Le charme particulier de la capitale de l’Ouzbékistan, Tachkent, réside dans sa capacité à allier transgression et union entre la culture et l’histoire.

Tachkent est une ville d’Asie centrale qui était l’un des principaux centres économiques de l’ex-URSS. L’engouement autour de cette ville s’est développé pour des raisons politiques, culturelles et scientifiques, car elle a été le carrefour d’événements importants pour l’URSS. Née il y a plus de 2000 ans, la ville mêle l’héritage profond de l’Orient à un style soviétique qui s’est fondu dans son patrimoine pendant le XXe siècle. Tachkent s’est transformée en musée à ciel ouvert parsemé de symboles soviétiques aux couleurs orientales.
Depuis le milieu des années 1950, le modernisme à Tachkent se manifeste partout dans la ville, que ce soit dans le métro, au coin des rues ou sur les façades. Le courant architectural se détache de la tradition pour évoluer en un style progressiste, aux formes cubiques et tridimensionnelles, souvent répétitives, qui créent un effet visuel à la fois minimaliste et grandiose. Les couleurs dorées et les formes géométriques contrastent avec l’architecture traditionnelle, donnant naissance à un paysage urbain à la fois étonnant et séduisant.


© karel balas
Ces bâtiments ne sont pas seulement esthétiques : ils portent un message. L’ère soviétique a définitivement marqué l’histoire et l’architecture de Tachkent, avec des courants comme le constructivisme et le stalinisme. L’architecture stalinienne était un style censé glorifier la puissance de l’URSS en s’opposant à toute forme d’occidentalisme. Apparue dans les années 1930, cette esthétique se distinguait par des bâtiments souvent massifs et en béton, construits sur de vastes surfaces, succédant au style Art déco des années 1920-1930, et constituant une étape essentielle vers le modernisme.
Mais le modernisme de Tachkent ne se résume pas au stalinisme. L’architecture constructiviste, sorte de modernisme alternatif et plus radical, est née peu de temps avant les années 1920. Le courant architectural s’inspire du mouvement artistique « constructivisme », privilégiant l’uniformité, la fonctionnalité et une vision futuriste de la société soviétique, reflétant une nouvelle manière de vivre.
Comme le souligne Béatrice Grenier, directrice des projets stratégiques et internationaux à la Fondation Cartier et autrice des textes qui accompagnent les photographies de Karel Balas : « Ce livre Tashkent: A Modernist Capital permet de comprendre comment une région autonome a puisé dans son histoire, et dans son architecture islamique riche en couleurs et en formes, pour réinterpréter une modernité ouzbèque. »
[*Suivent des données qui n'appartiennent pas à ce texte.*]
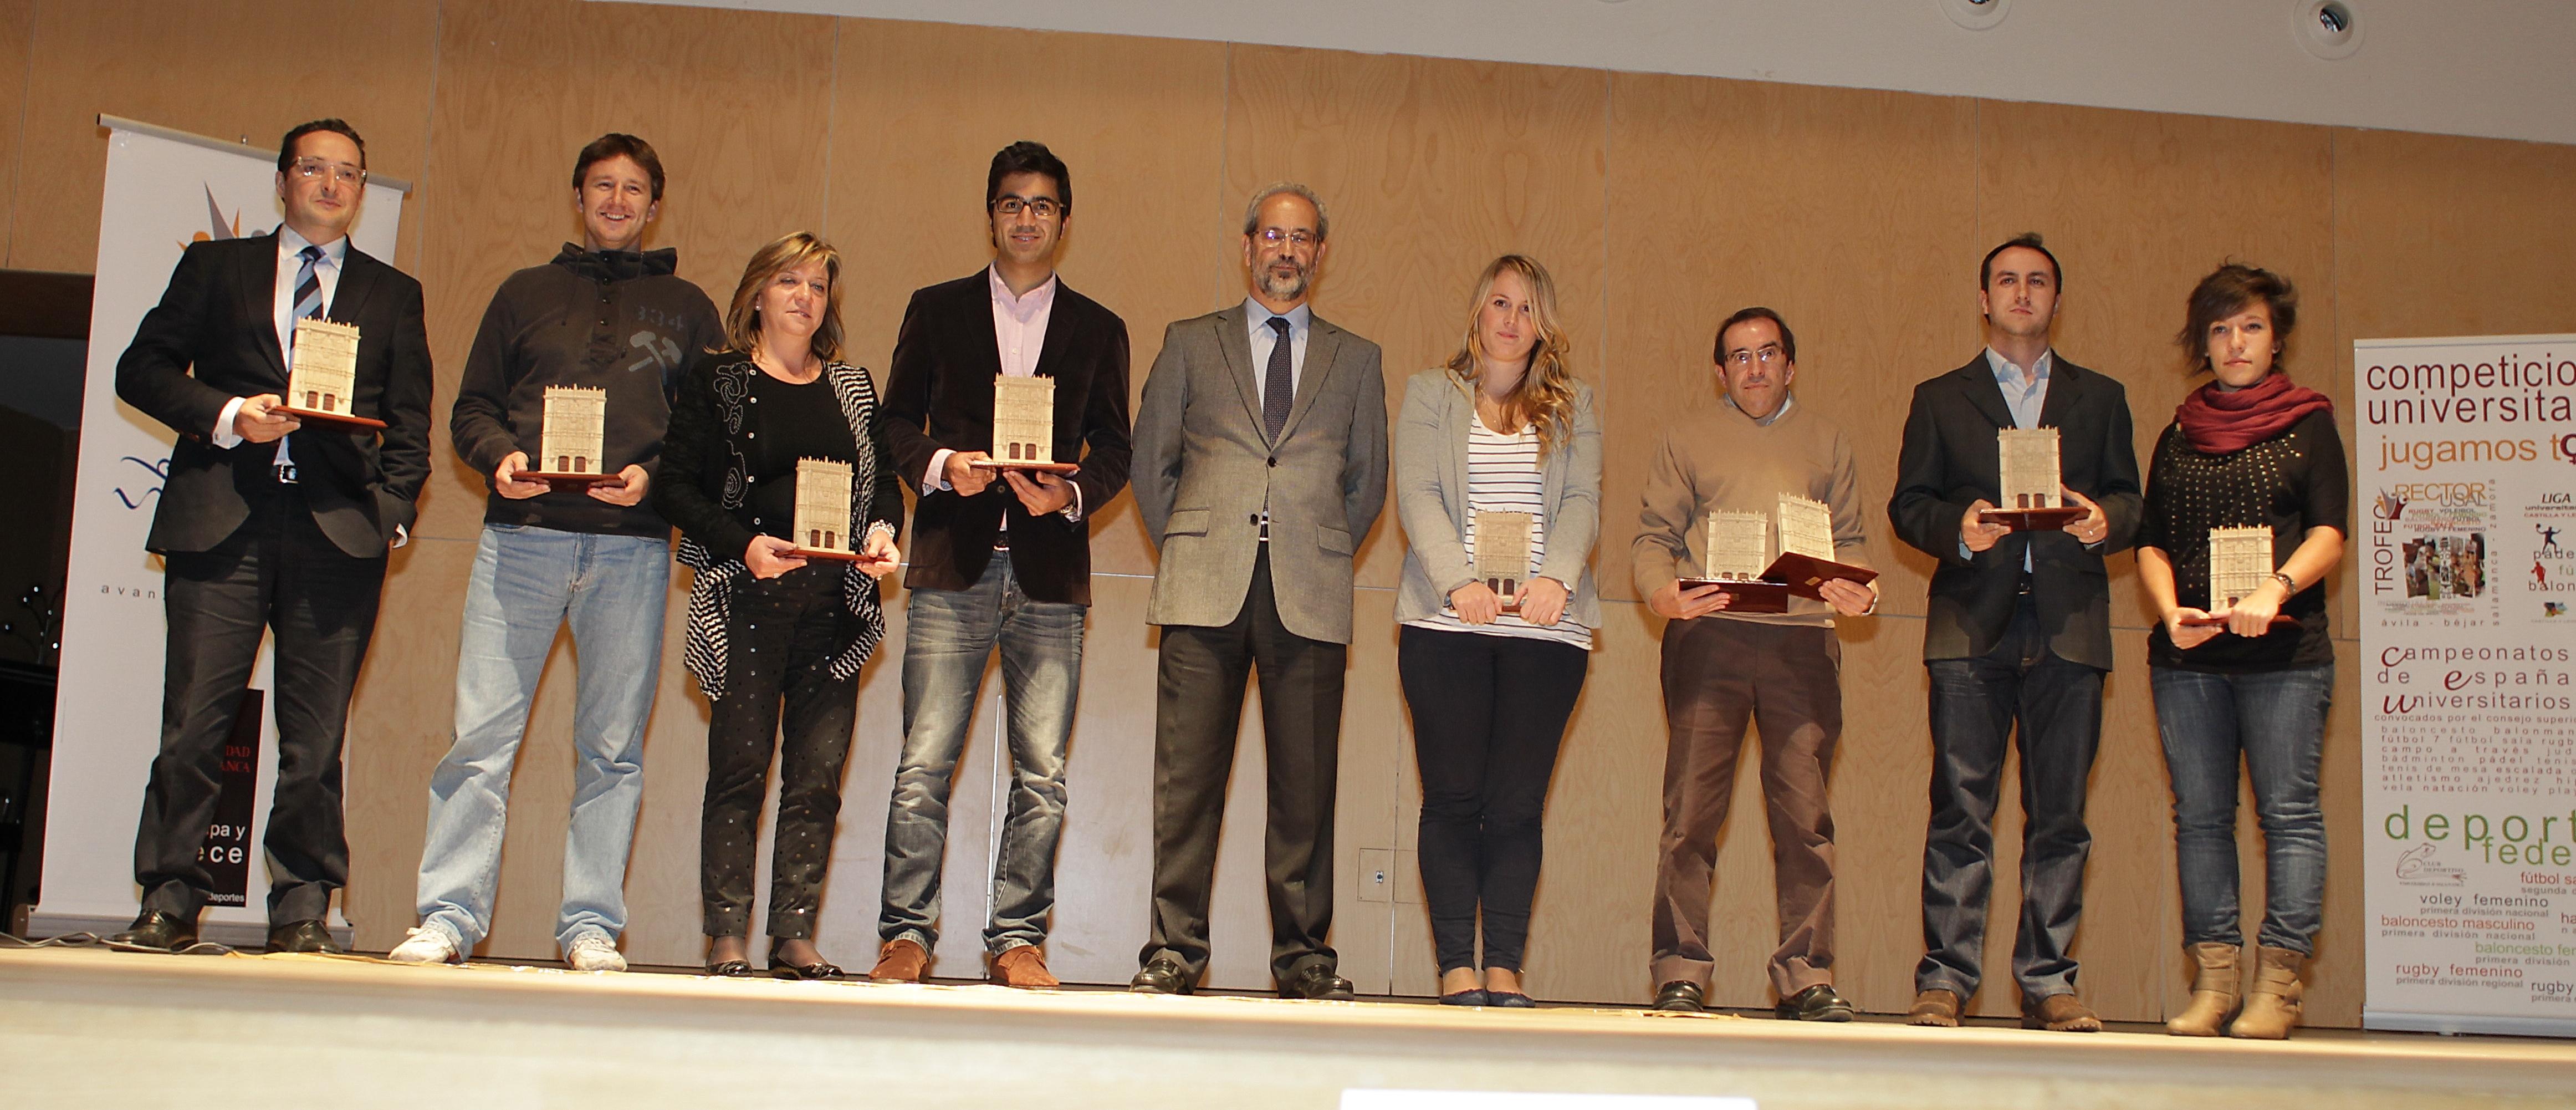 Entrega de los XXII Premios Anuales del Deporte Universitario. Curso 2010-2011

Ces monuments doivent être protégés pour leur beauté comme pour les valeurs qu’ils insufflent. De nouveaux projets porteurs d’espoir et fédérateurs prennent vie au cœur de Tachkent, comme ce vaste chantier s’étalant sur 6 000 hectares qui deviendra un pôle régional d’innovation, de cohésion sociale et de durabilité. Cette réalisation, prévue pour mars 2026, est soutenue par le Centre d’art contemporain de Tachkent et la Fondation pour le développement de l’art et de la culture en Ouzbékistan. Elle s’inscrit dans un élan artistique qui reste fidèle à l’héritage architectural de la ville.
Ainsi, Tachkent continue d’affirmer sa singularité : ville millénaire où l’Orient rencontre le modernisme soviétique, elle se tourne vers l’avenir tout en protégeant son patrimoine, démontrant que tradition et innovation peuvent coexister harmonieusement au service de la culture et de la créativité.